Skip to content
November 10, 2015 / Burgess Park Food Project

Open meeting, all welcome!

Everyone welcome to come and join in an open space planning meeting to celebrate successes, overcome challenges, review what we’ve done and look to a sustainable future. This is a chance to bring your ideas, creativity and imagination to help us all build a great garden project for the people of Peckham and beyond. Please share with friends and colleagues, the more the merrier! Tea and cake will be served, and the whole event should be playful and fun. Everyone welcome, including the kids.

Saturday 14th November 1-4pm at the Wells Way Pop Up, Old Library, 39 Wells Way SE5 0PX

The Pop Up is not wheelchair accessible due to the stepped frontage. No dogs


September 27, 2015 / Burgess Park Food Project


more growing

So what is permablitz?

Whatever it is, or was, it was FUN!

These are the ethics behind permaculture design: Care of the earth. Care for people. Fair share. They are ethics that reach way beyond growing things.

A bunch of us came together early last Sunday (well, 10am) to help extend our low maintenance, productive and nature-friendly forest garden.

By three o-clock it was hard to believe the transformation.

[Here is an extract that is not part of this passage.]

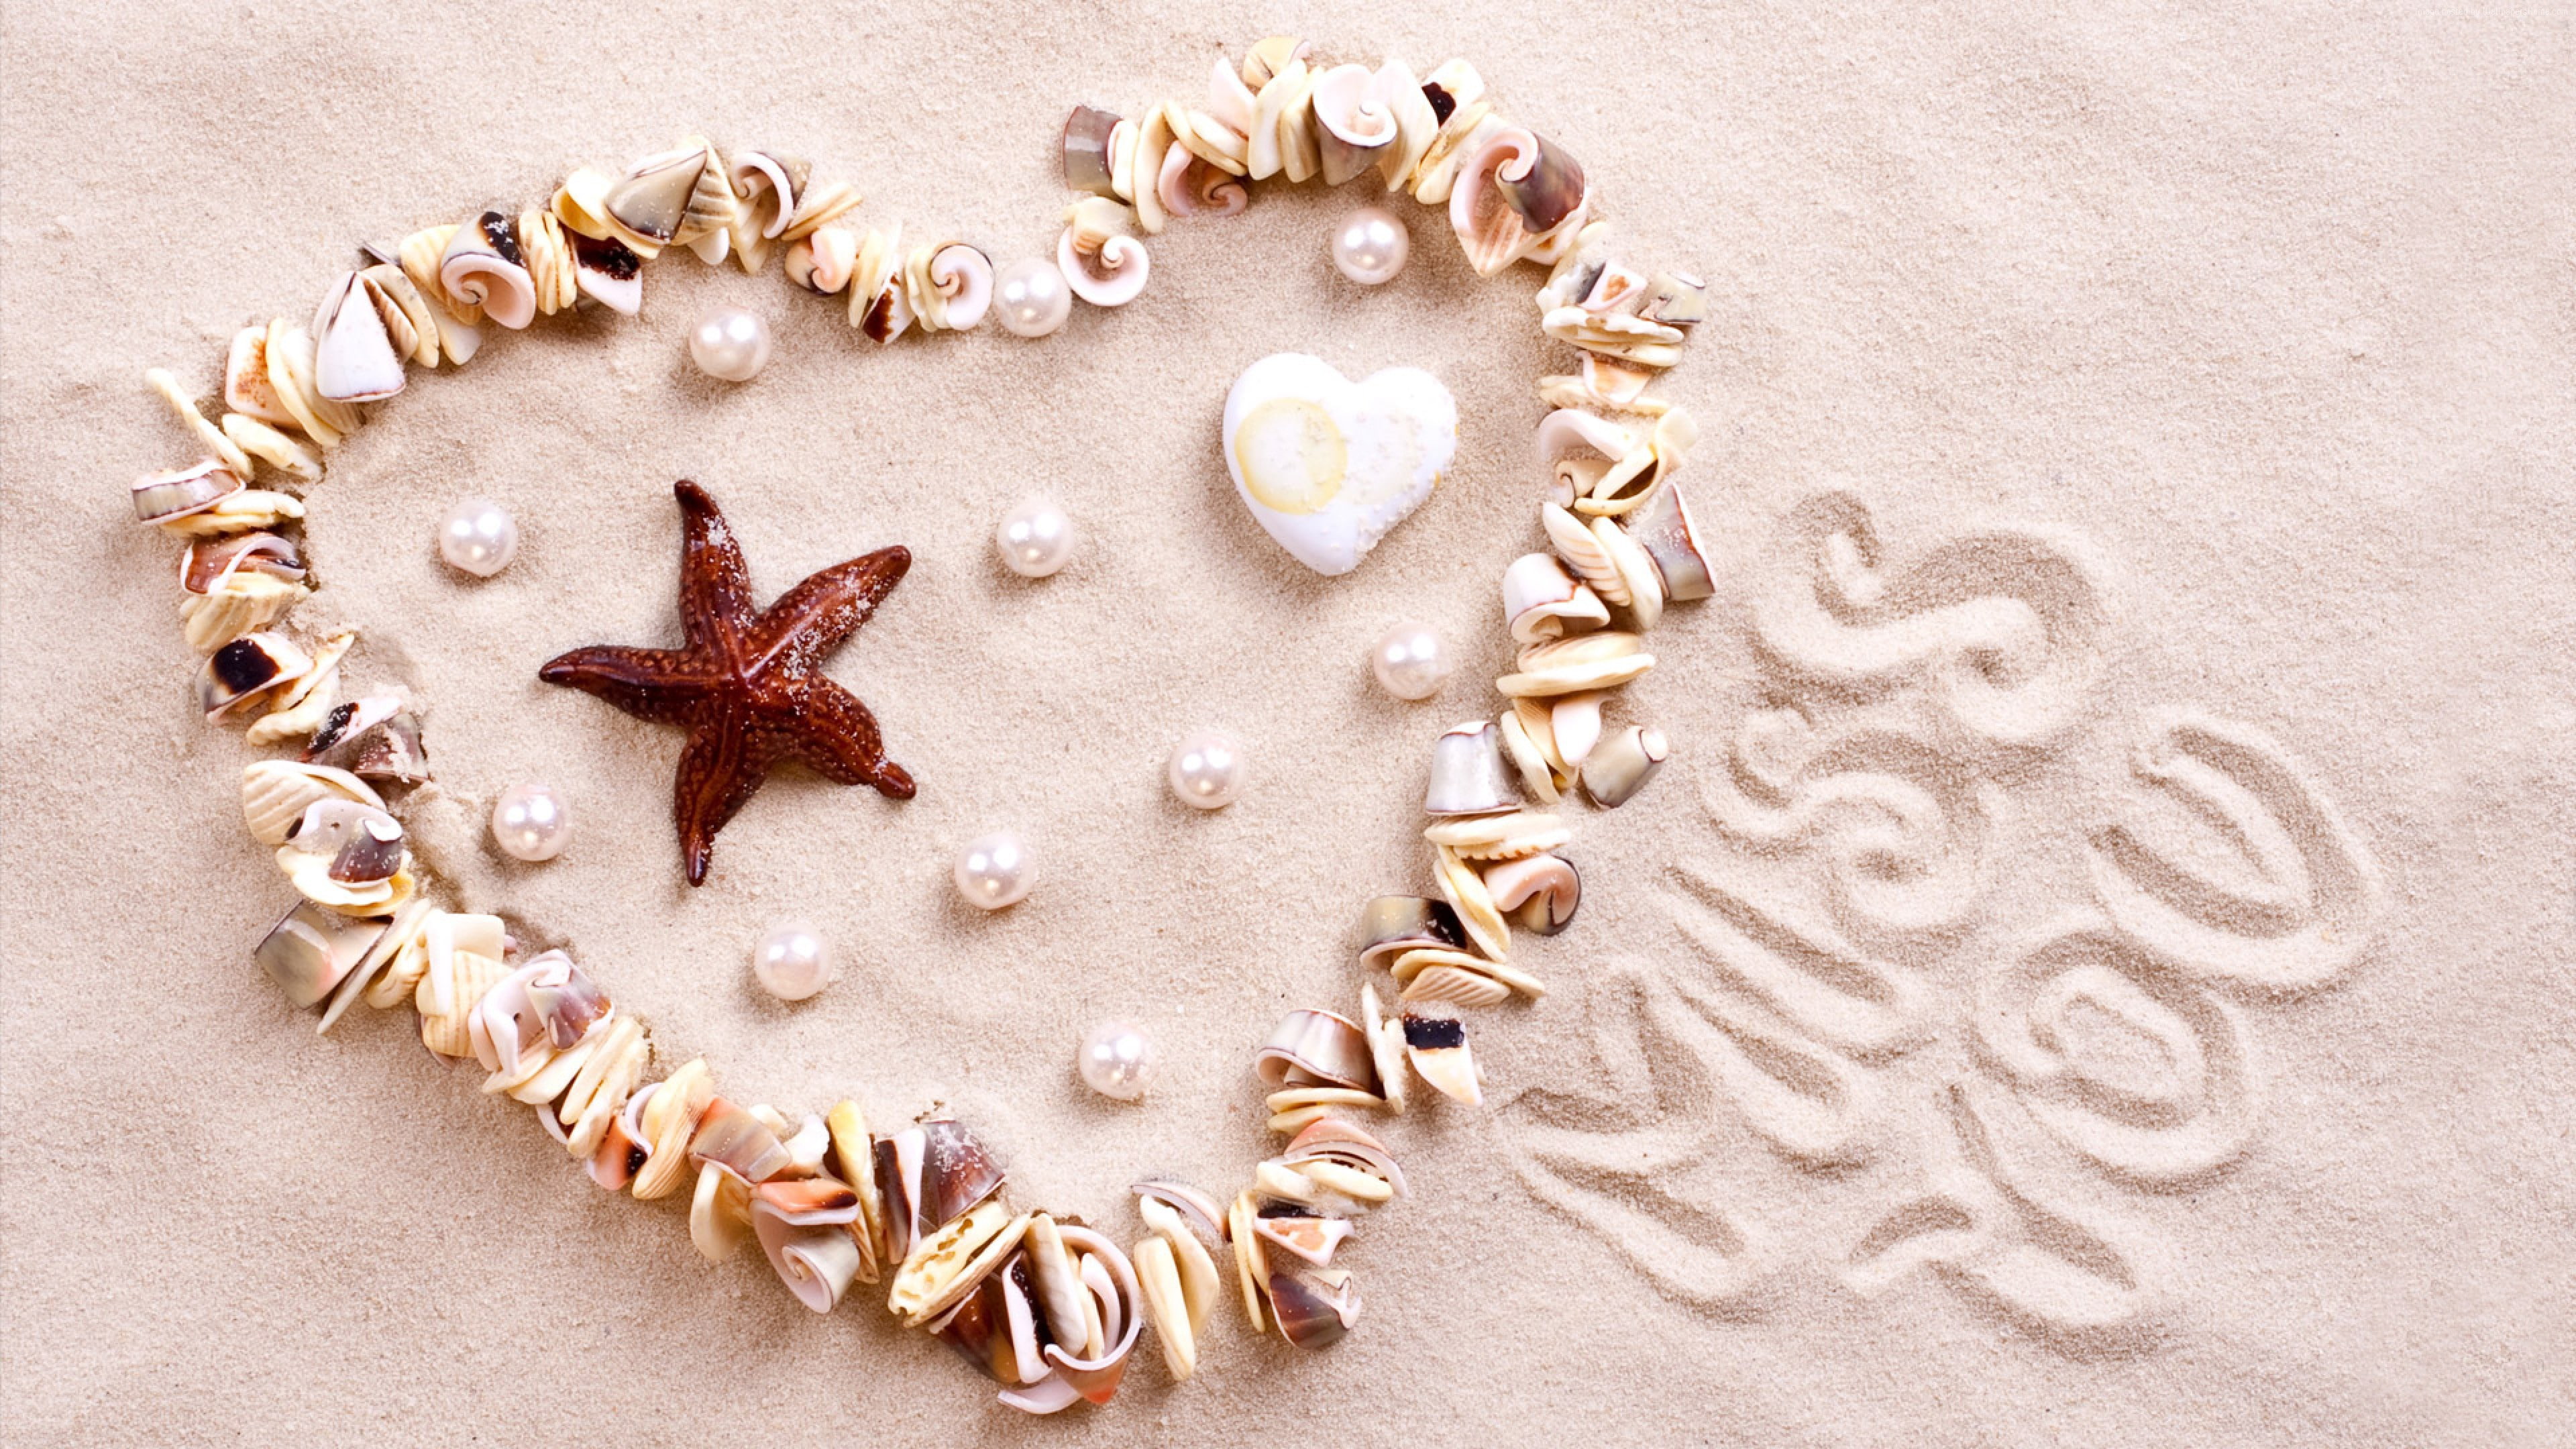 heart, shore, 4K, shell, starfish, love image, high angle view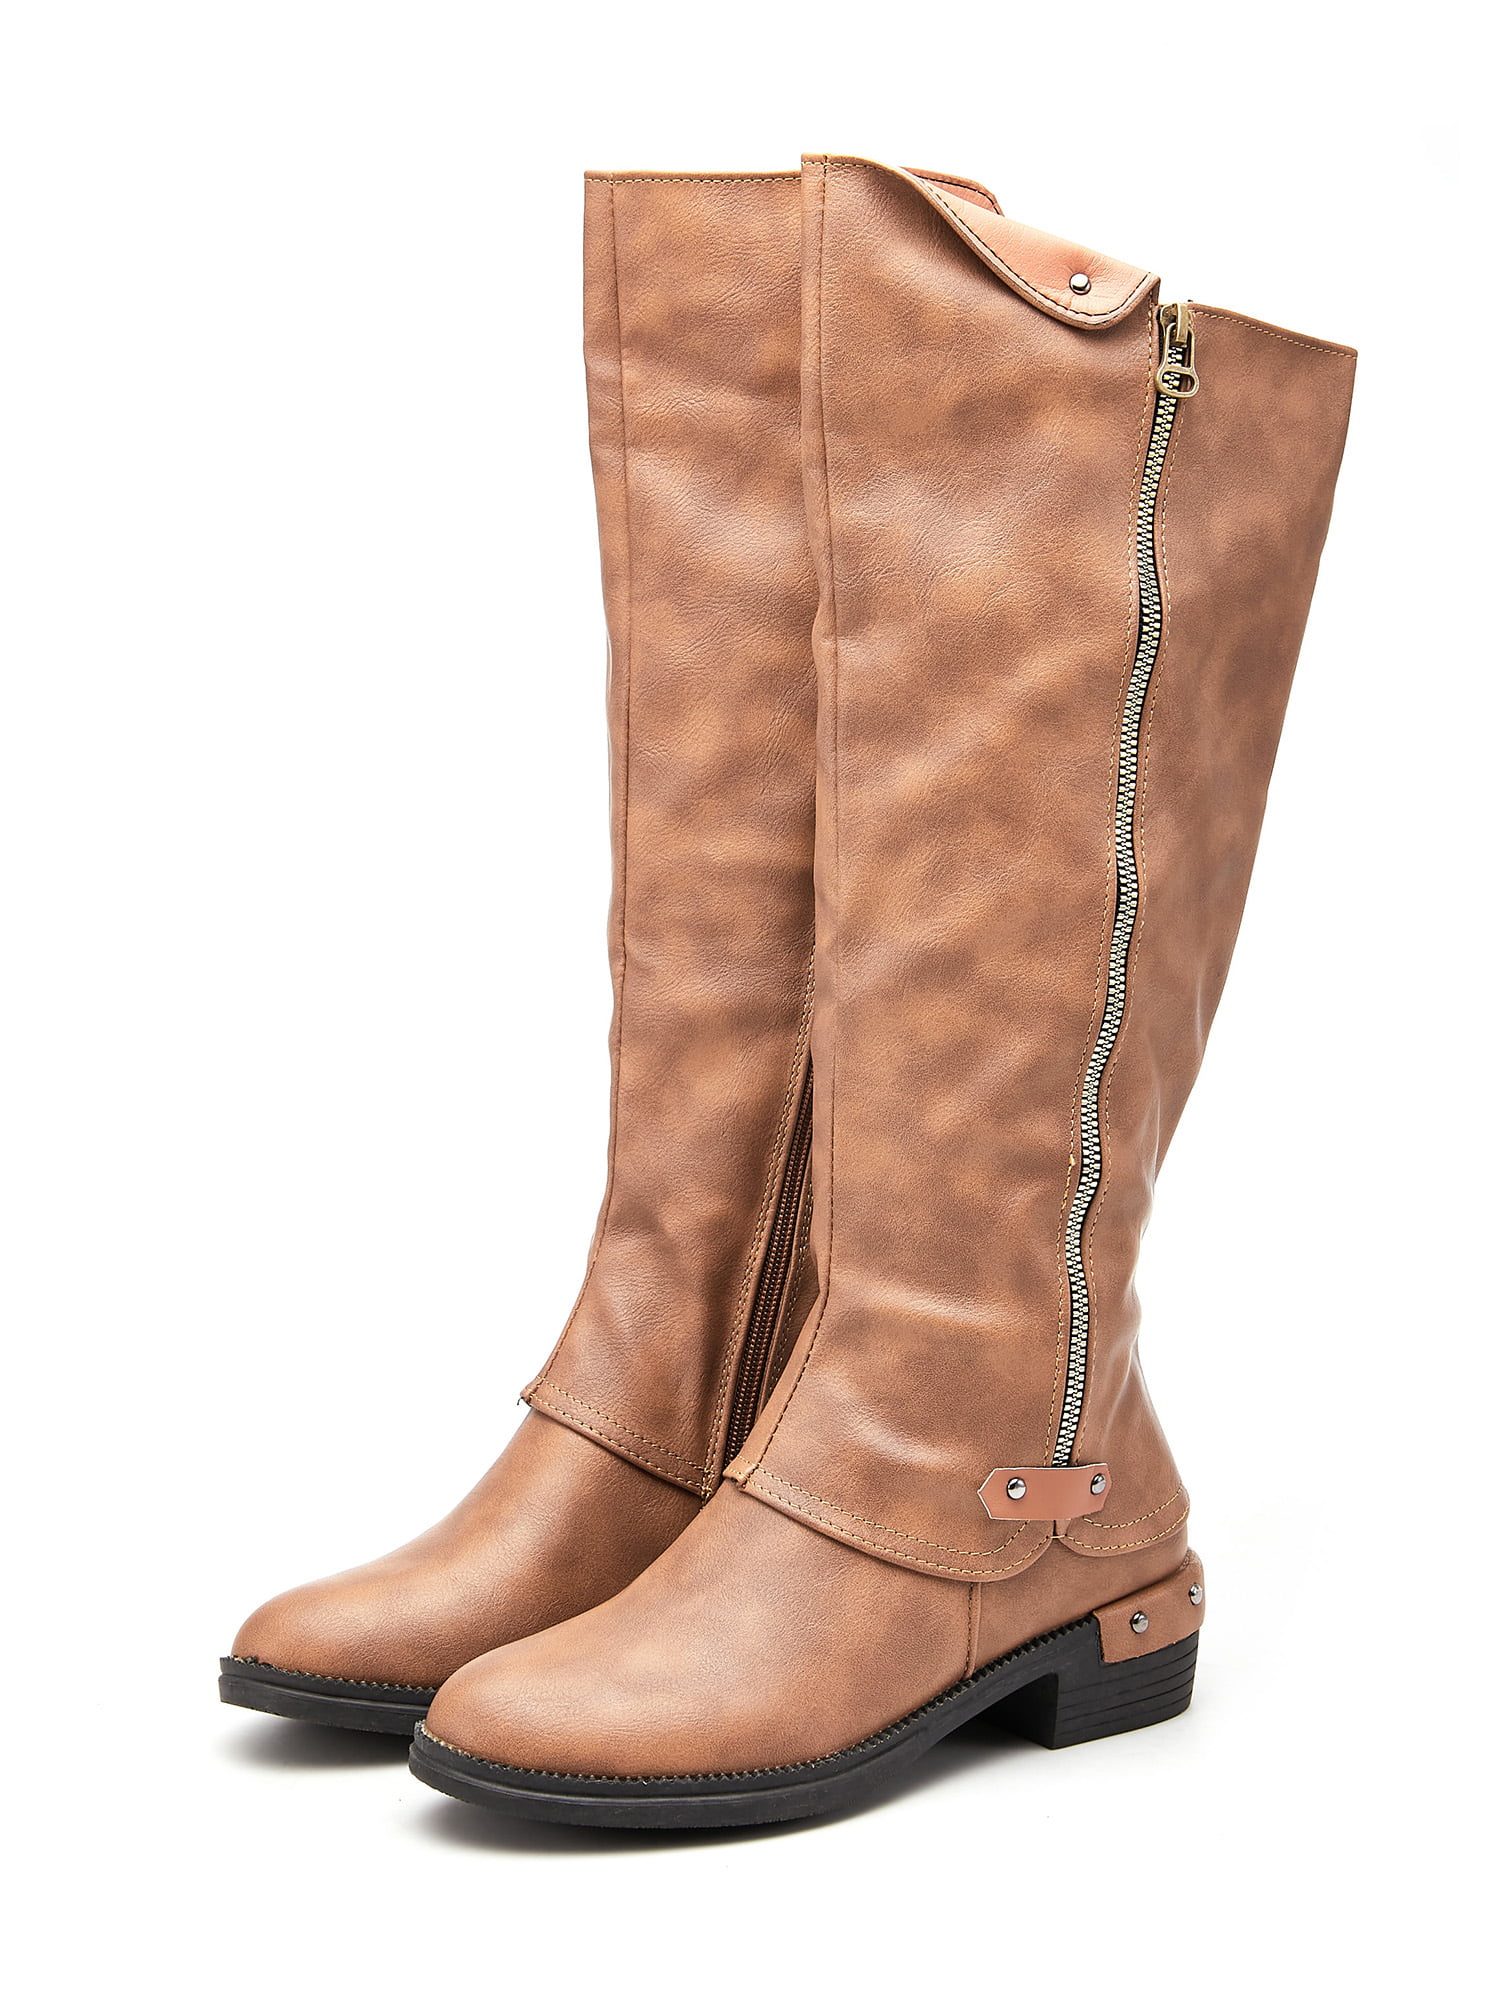 Women's Zipper Boots Low Flat Heel Riding Mid-Calf Boot Comfort Shoes Fashion

Encouraged by mentors Susannah and Sue, we dug out and removed bindweed and brambles and cut down the grass, leaving it in place to provide a nitrogen layer for the “lasagne mulch” to come. (As with cooking: it’s good to know the science.)


We added a thick layer of rich rotted manure, then compost from the compost bins, then woodchip to retain water and deter weeds.

Once all the rotted manure was down, Sue explained how the mulch turns, slowly, slowly, into beautiful soil.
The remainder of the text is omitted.